9 min read

Data Engineering Sucks

We've all been there—a seemingly innocent request for a quick and dirty data solution, only to find ourselves knee-deep in nitpicking and dissatisfaction. "Can you quickly pull this data for me?" they ask, blissfully unaware of the Pandora's box they've just opened.
Data Engineering Sucks

We've all been there—a seemingly innocent request for a quick and dirty data solution, only to find ourselves knee-deep in nitpicking and dissatisfaction. "Can you quickly pull this data for me?" they ask, blissfully unaware of the Pandora's box they've just opened. Little do they know, data engineering, much like fine wine, does not age well when rushed.

My relationship with Data Engineering is perfectly summarized using one word (thanks Germany 🇩🇪): Schadenfreude.

Schadenfreude is the experience of pleasure, joy, or self-satisfaction that comes from learning of or witnessing the troubles, failures, pain, or humiliation of another. 

In this article, I'll rant a little about data engineering's worst facets, exploring everything from the quick and dirty dilemma to the longing for the days of software programming. I'll touch on the cycle of massive projects, the specificity struggle, and the ever-elusive refinement conundrum. So, fasten your seatbelts as we navigate the data engineering rollercoaster together.

Ready or not, here we go!

The Quick and Dirty Dilemma

Quick vs. Quality: Why Data Engineering Should Never Be Rushed

Choose one!

In the frenetic world of data engineering, where requests fly in like arrows, the temptation to deliver a quick and dirty solution can be alluring. "Can you do it quick and dirty so I can use it by the end of the week?" they say, their urgency palpable. However, for the seasoned data engineer, this request rings alarm bells louder than a fire drill.

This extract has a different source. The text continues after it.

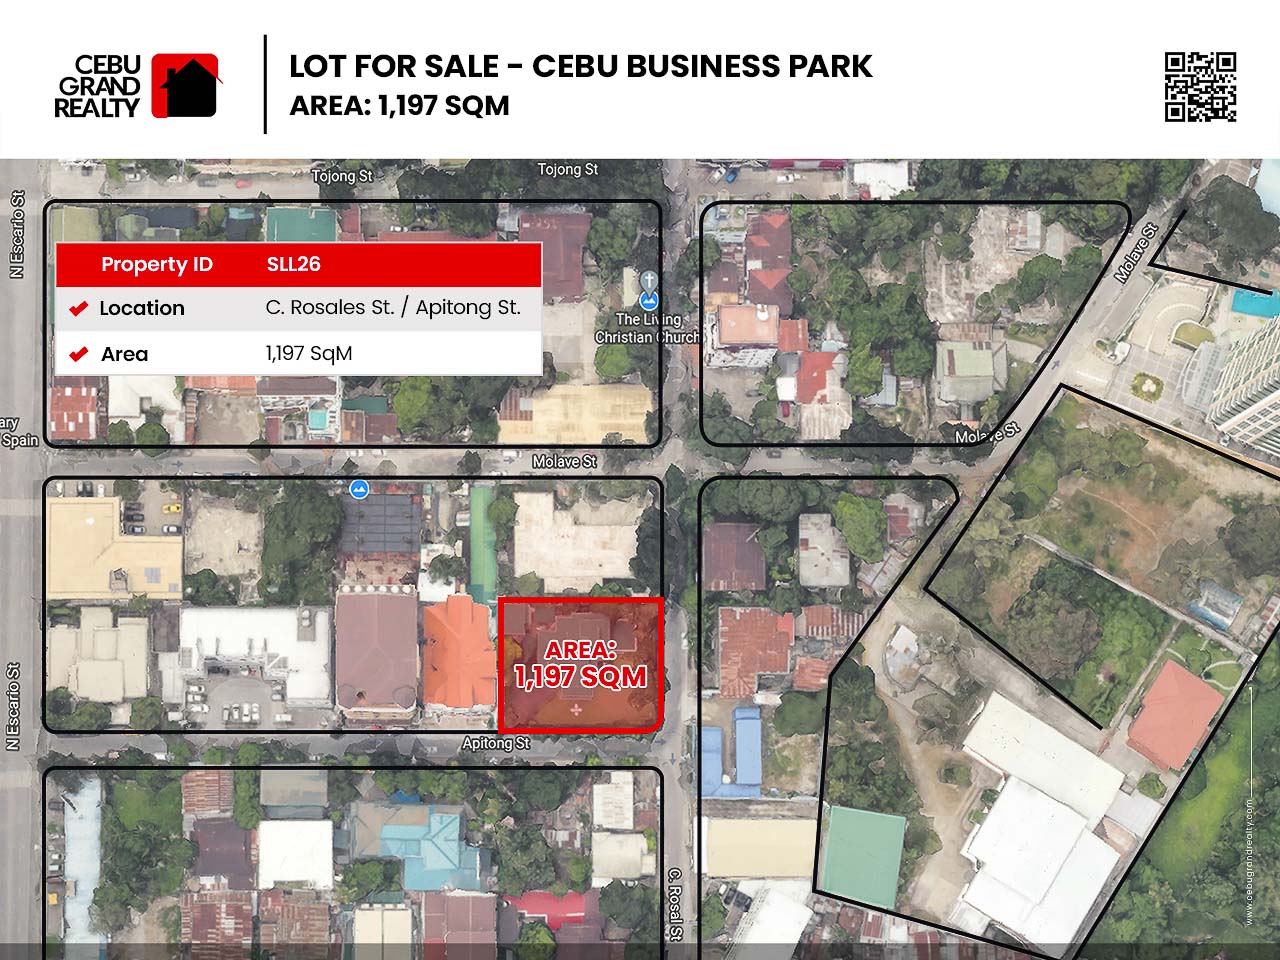 SLL26 - 1197 SqM Lot for Sale near Cebu Business Park - Cebu Grand Realty
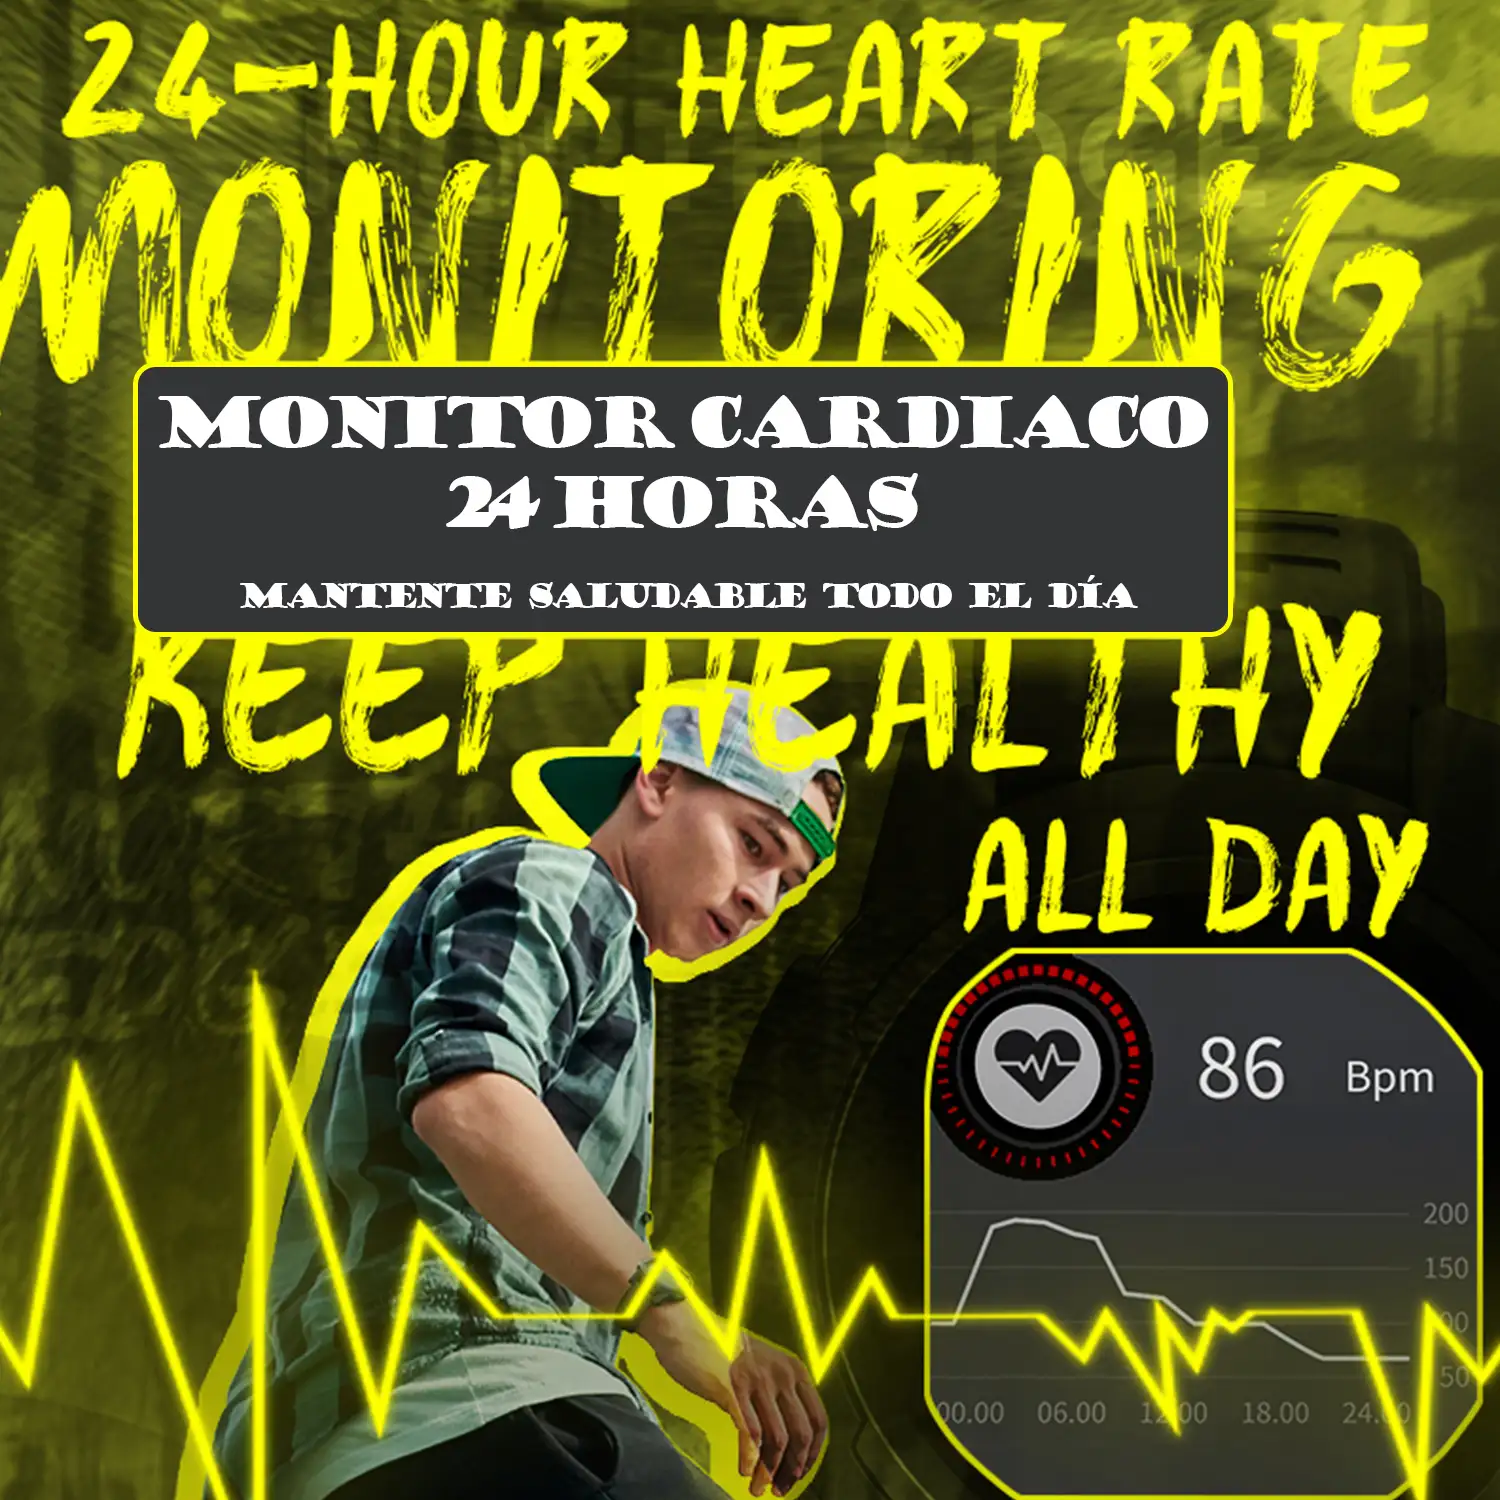 Smartwatch Mars2 con monitor cardiaco, de tensión y O2 en sangre. Varios modos deportivos, notificaciones de apps.

The Lure of Quick Fixes and Their Hidden Costs

It's a scenario familiar to many in the field: the business urgently needs a data solution, and the pressure is on to deliver promptly. The allure of a quick fix is undeniable. After all, why wait until next month when the data isn't needed? This seemingly innocent request, though, often unravels into a cascade of issues.

In the quest for speed, the foundational principles of robust data engineering can be compromised. Rushed projects may need more proper documentation, thorough testing, or adherence to best practices. The result? A brittle solution that might work for now but poses a ticking time bomb for future complications.

How to Push Back: Triage and Prioritization

To combat the quick and dirty dilemma, a strategic approach is paramount. New requests don't land directly on the data engineer's desk. Instead, they go through a meticulous triage process. The project manager and team prioritize and size them during biweekly sprint planning. This deliberate delay allows for thoughtful consideration and ensures that urgent does not equate to hasty.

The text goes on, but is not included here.